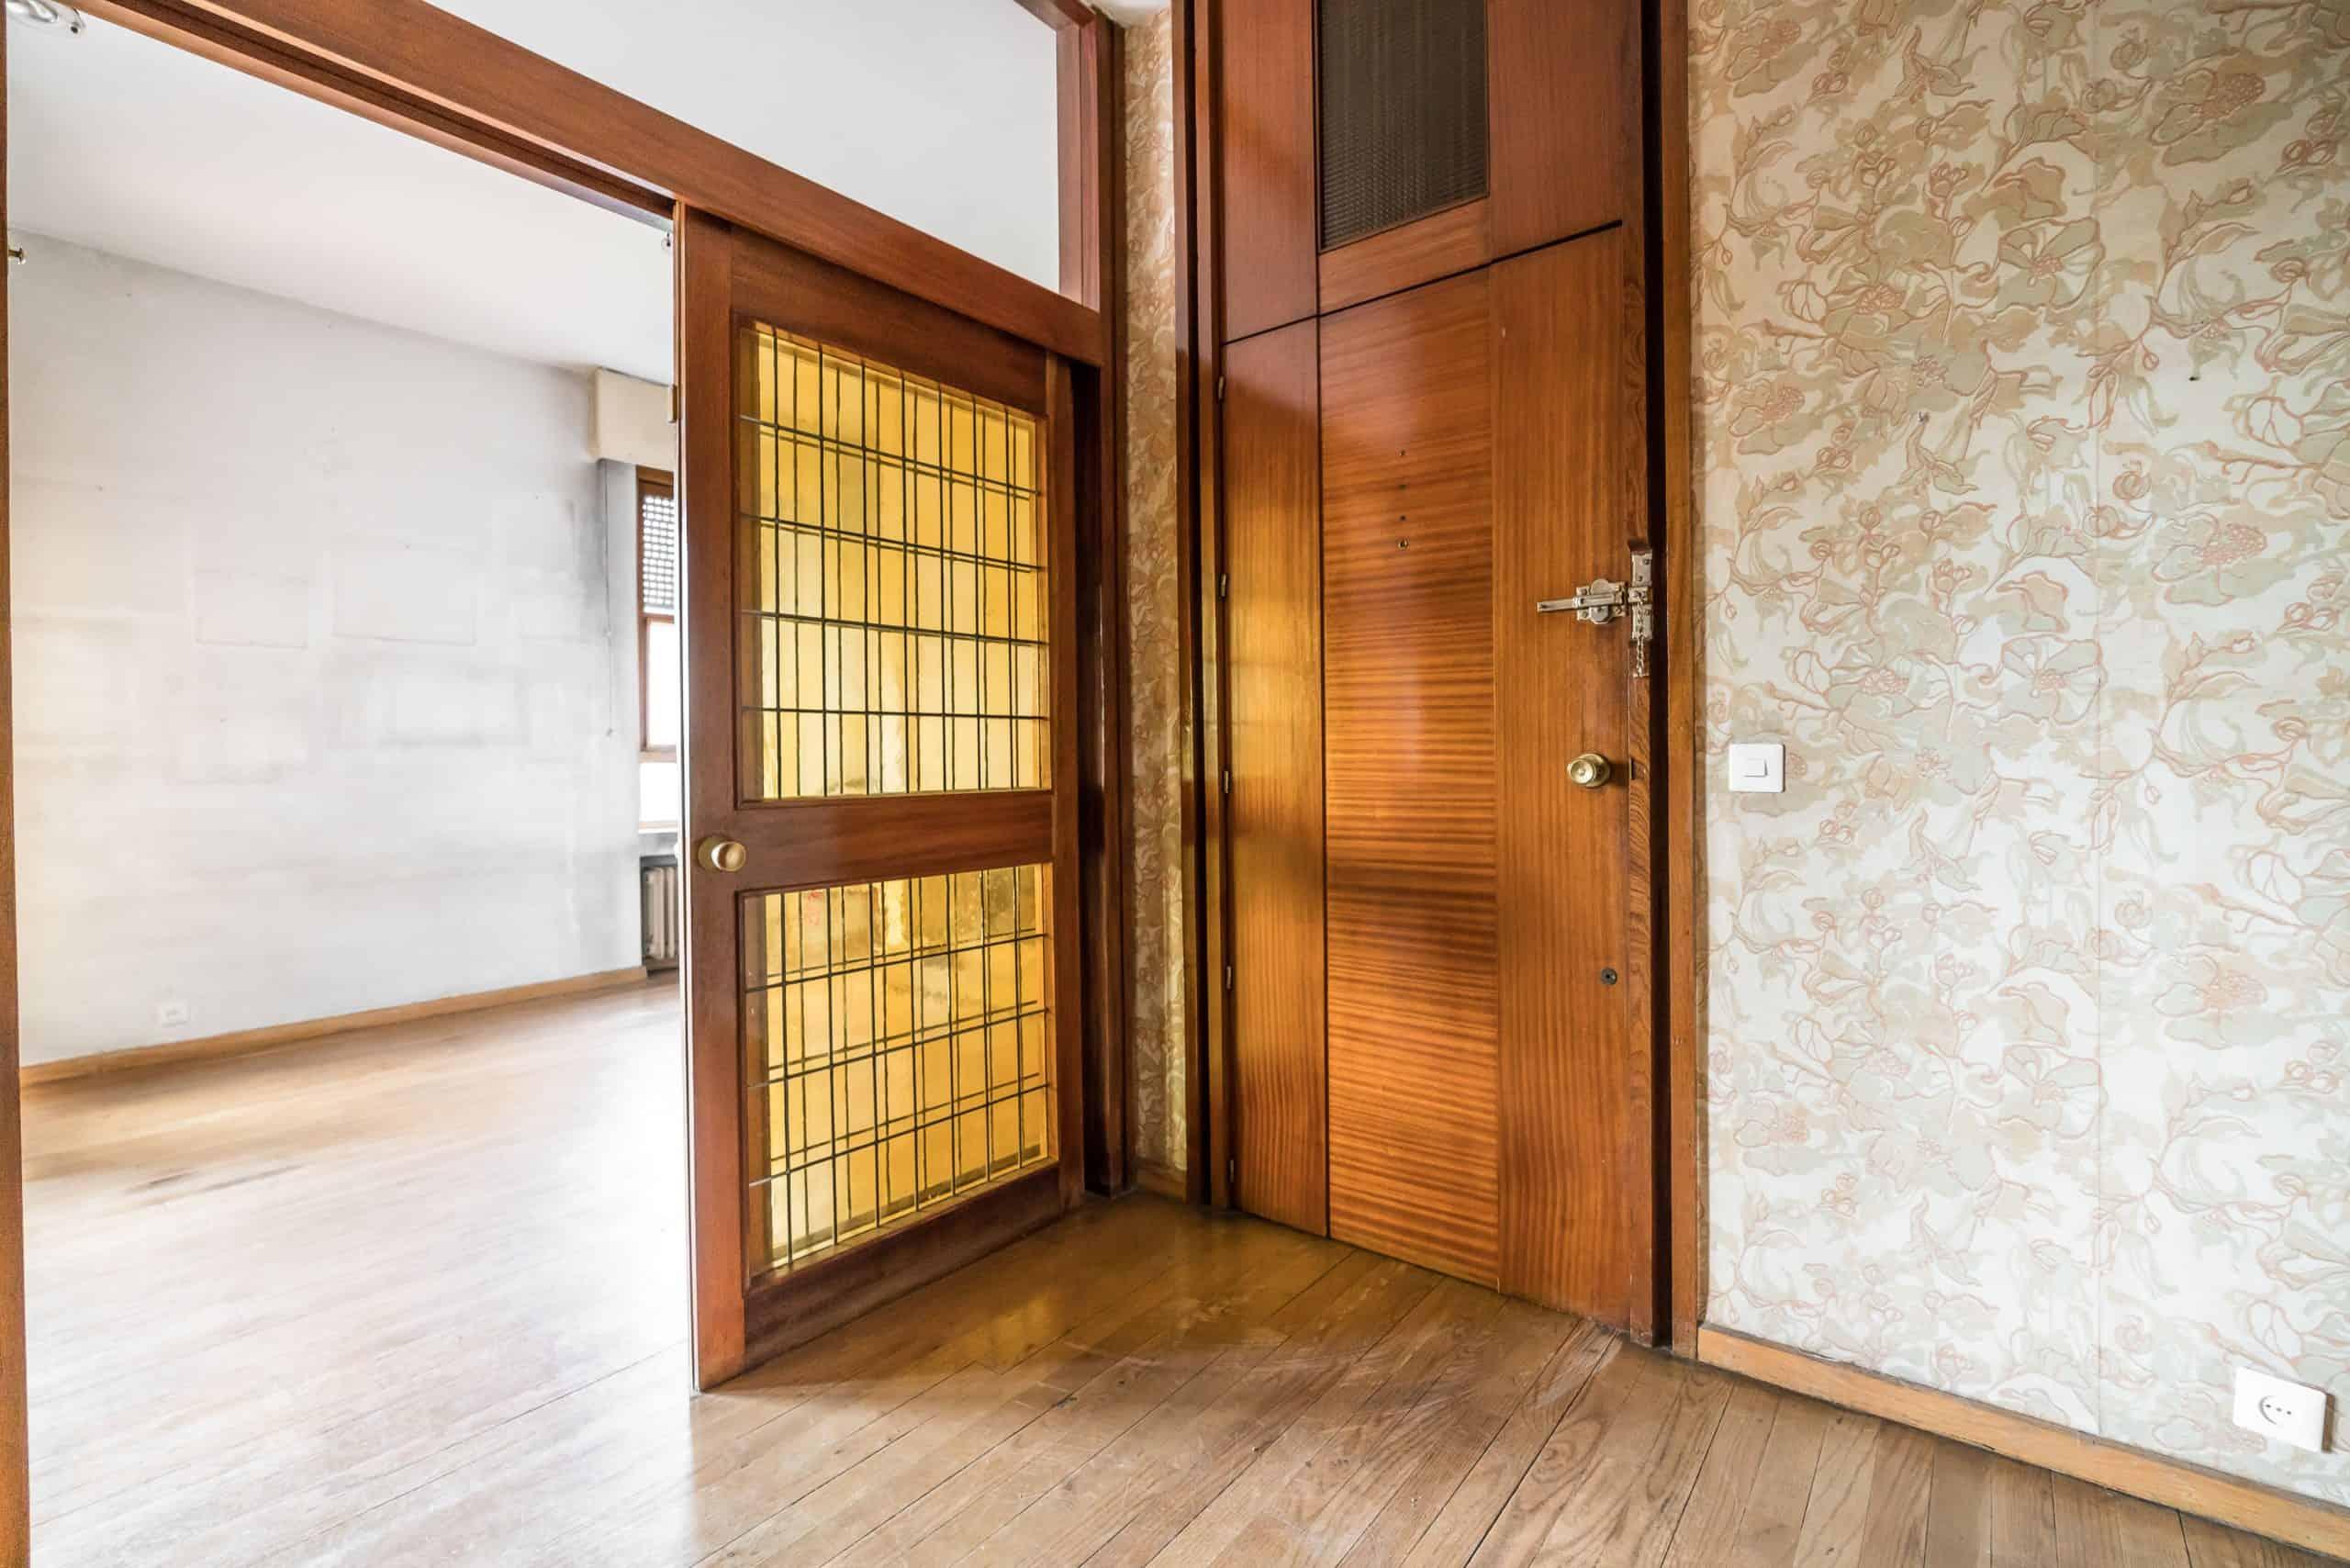 Agencia Inmobiliaria de Madrid-FUTUROCASA-Zona ARGANZUELA-EMBAJADORES-LEGAZPI -calle Embajadores- baño 157
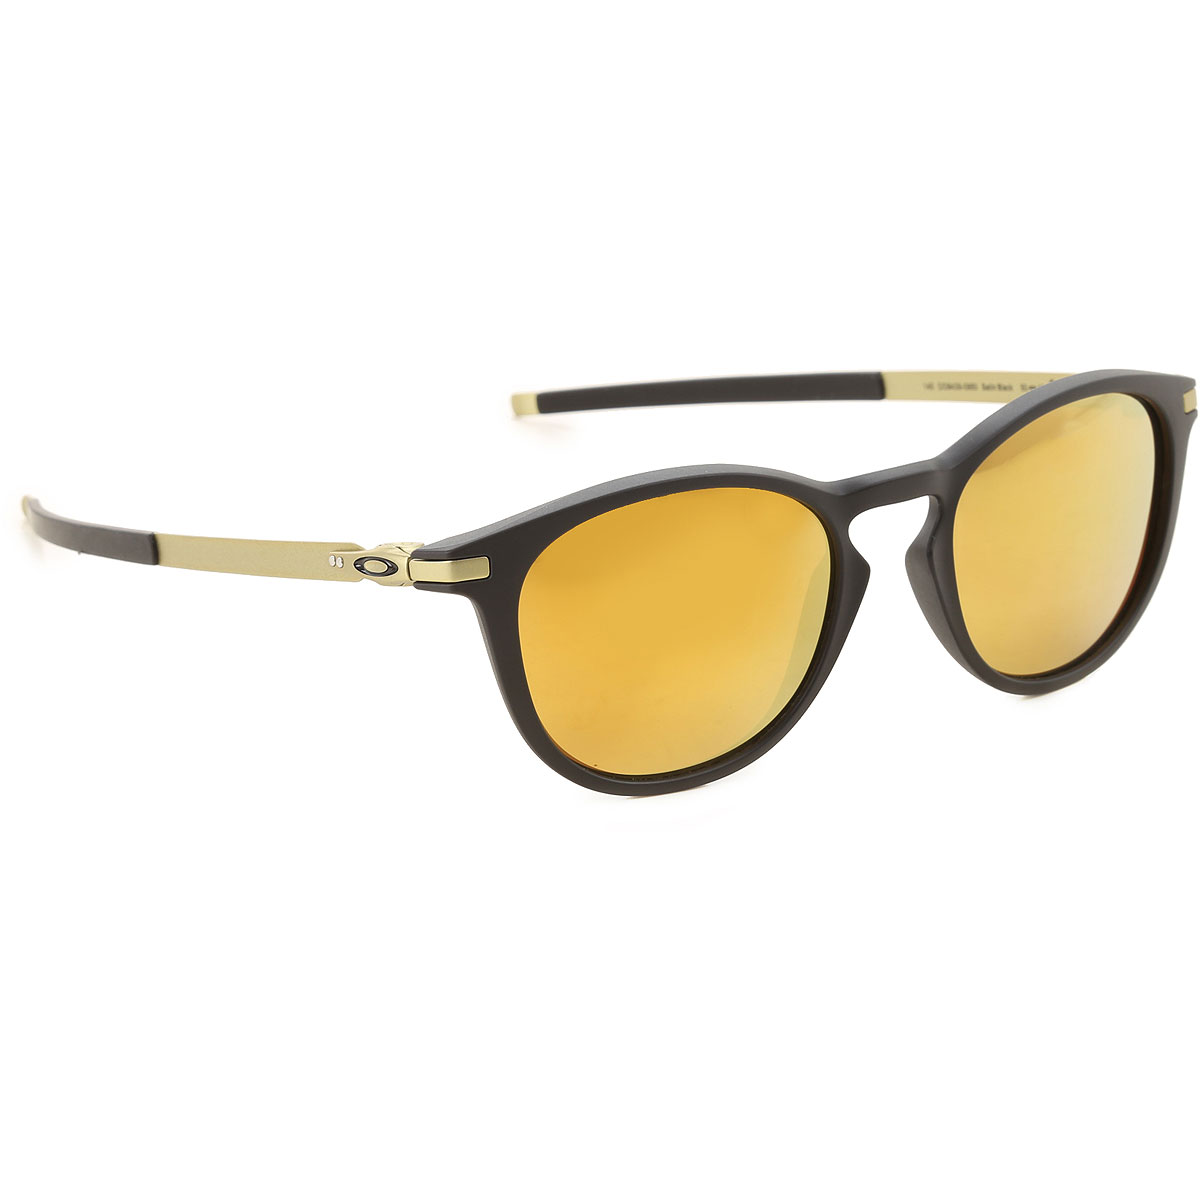 Oakley Sunglasses On Sale, Matt Gold, 2019
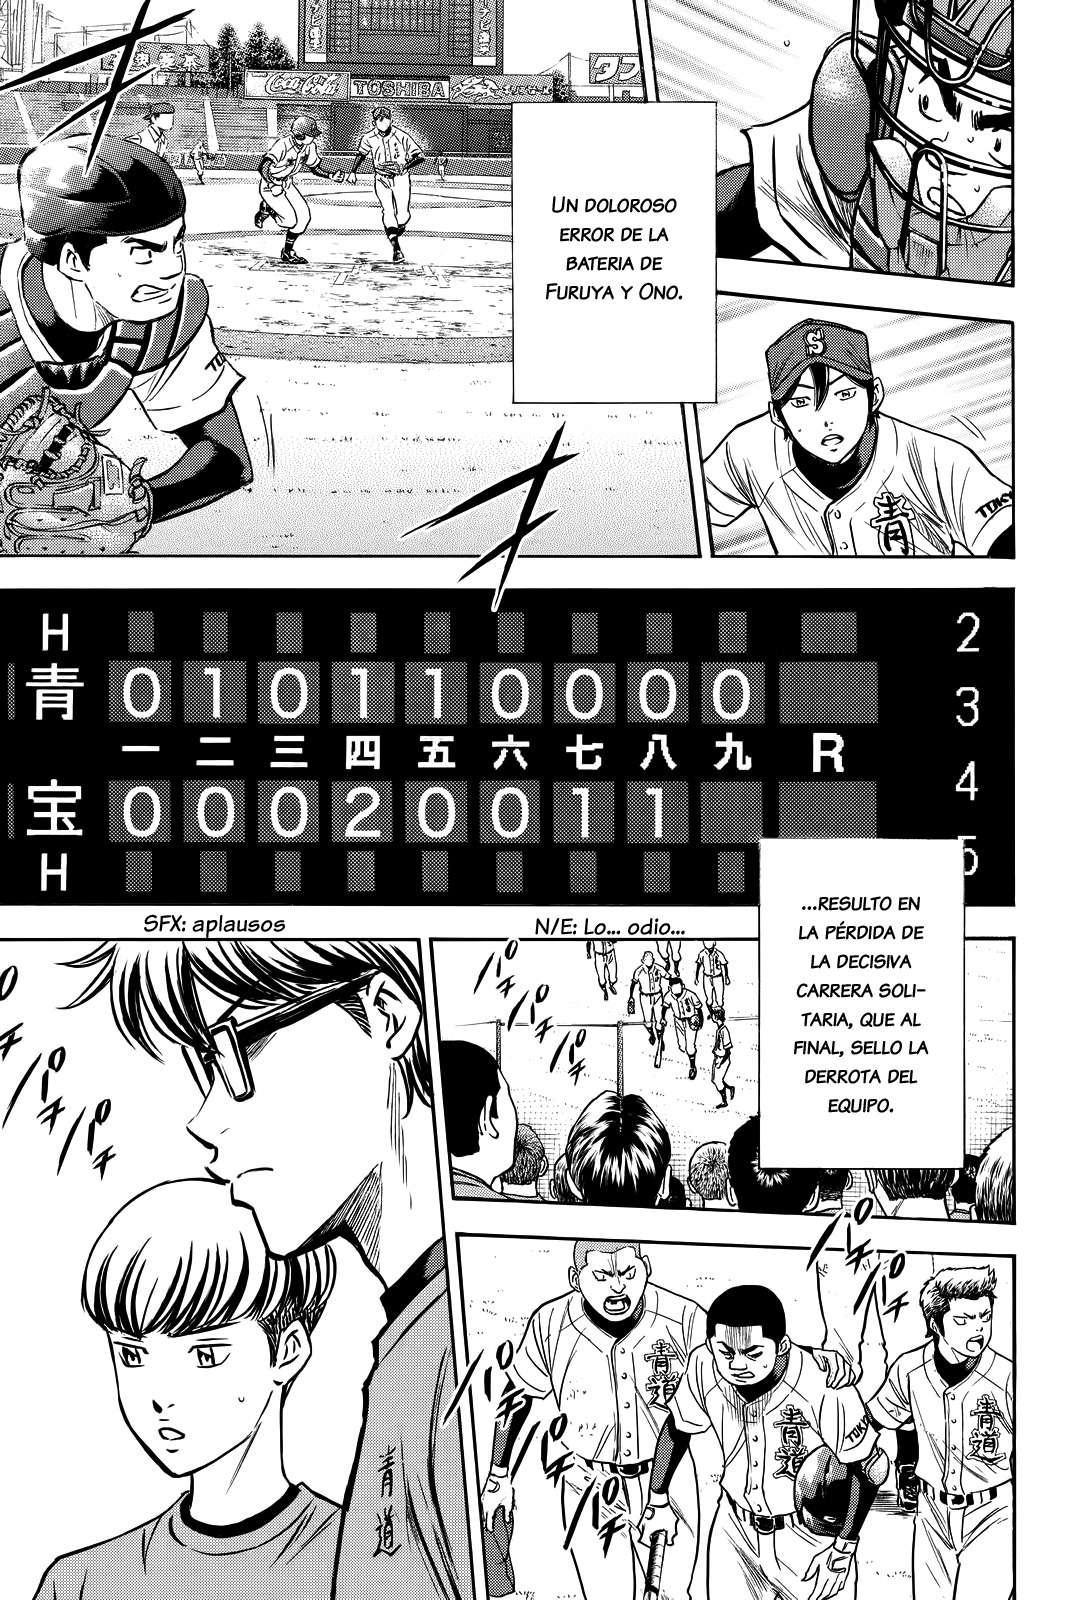 http://c5.ninemanga.com/es_manga/24/1752/430810/50fa8b7beb11549c9416ffdf6b21177c.jpg Page 9
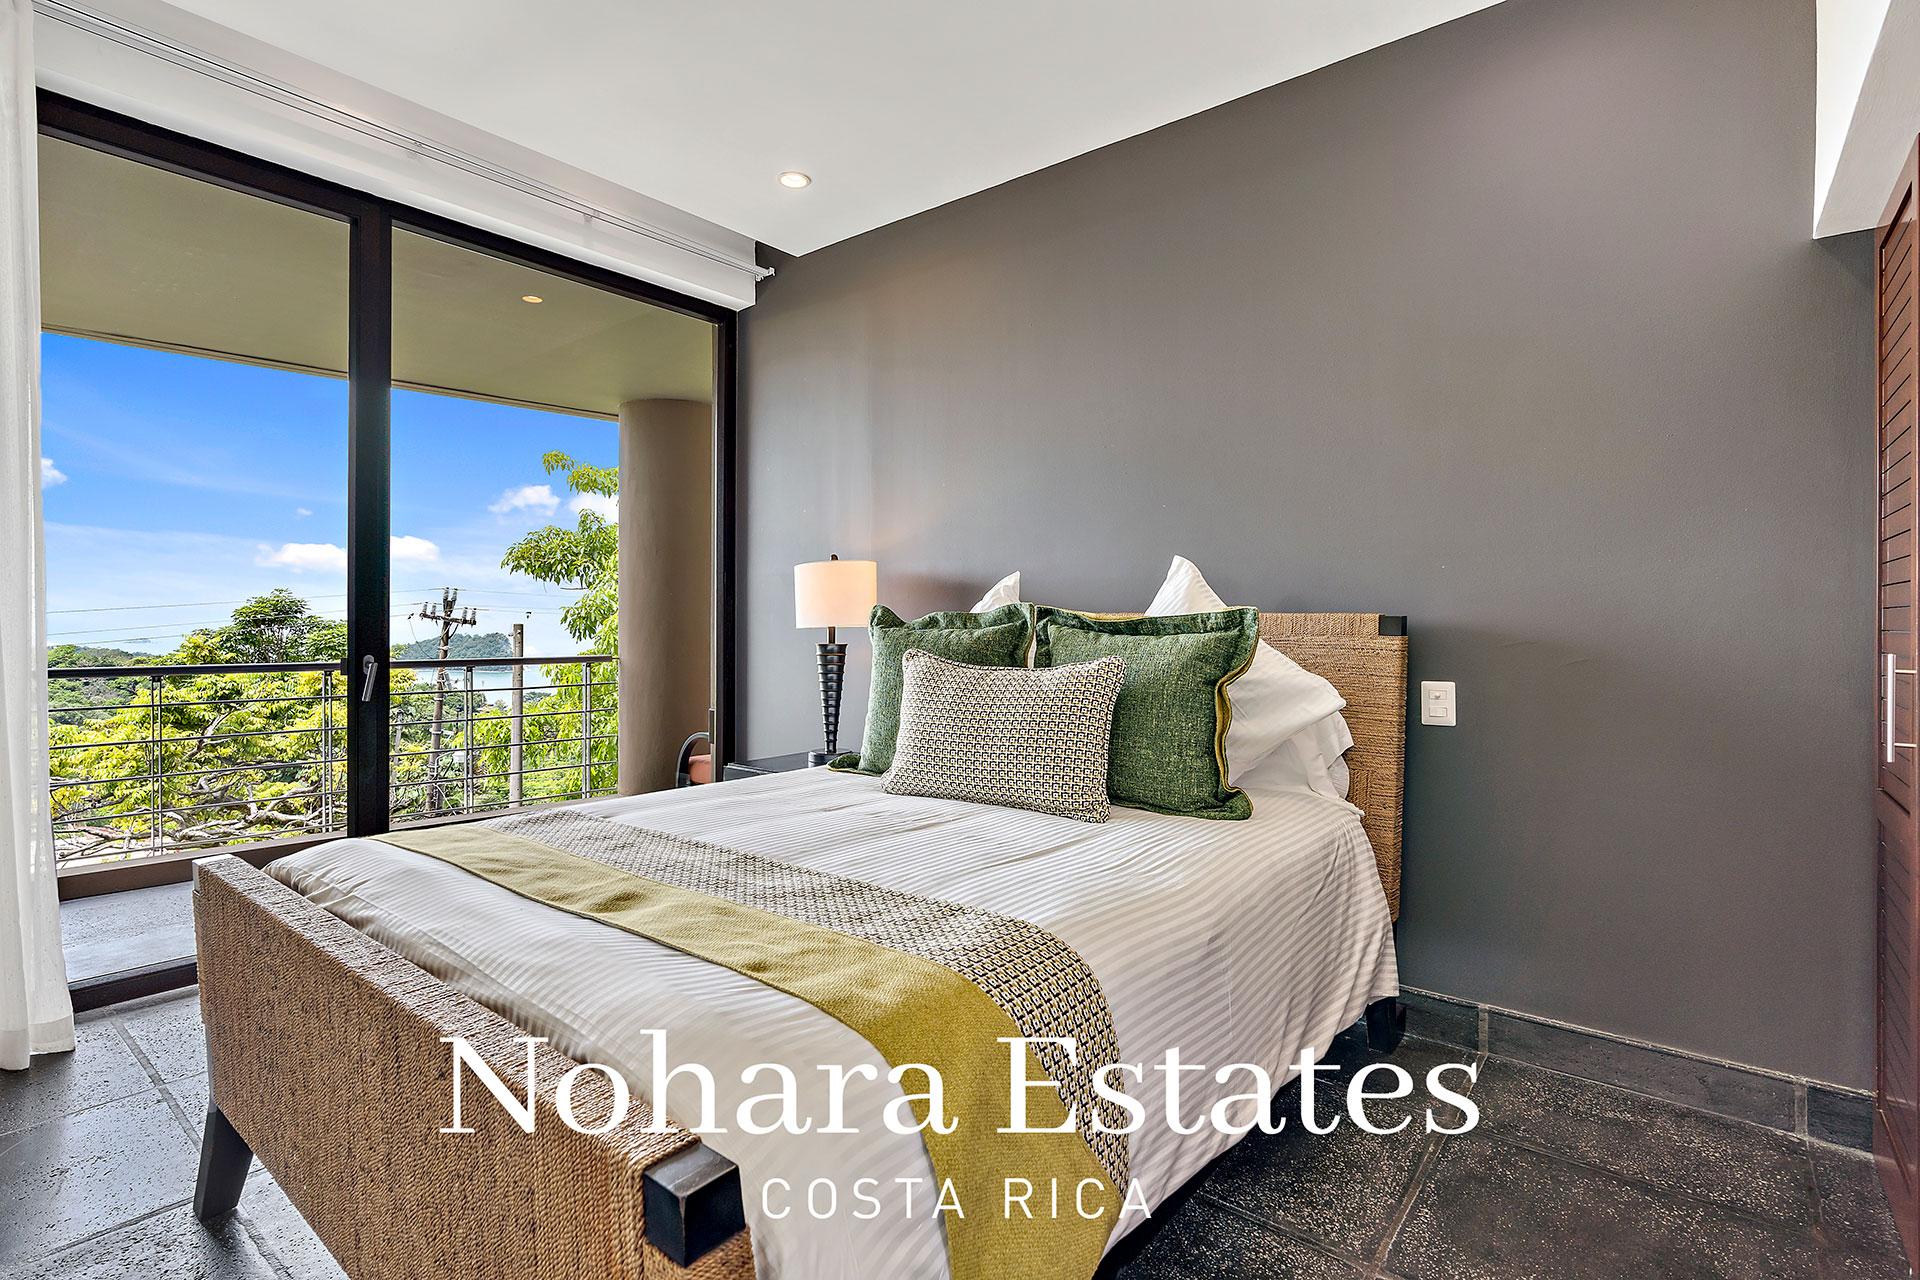 Nohara Estates Costa Rica 128 Penthouse Quepos Los Altos 16

*Goal of the exercise:* Copy out the material above in full and exactly; its pictures are not to appear.

*Task response:*
 Agencia Inmobiliaria de Madrid-FUTUROCASA-Zona ARGANZUELA-EMBAJADORES-LEGAZPI -calle Embajadores- baño 157
 Oakley Sunglasses On Sale, Matt Gold, 2019
 http://c5.ninemanga.com/es_manga/24/1752/430810/50fa8b7beb11549c9416ffdf6b21177c.jpg Page 9
 Nohara Estates Costa Rica 128 Penthouse Quepos Los Altos 16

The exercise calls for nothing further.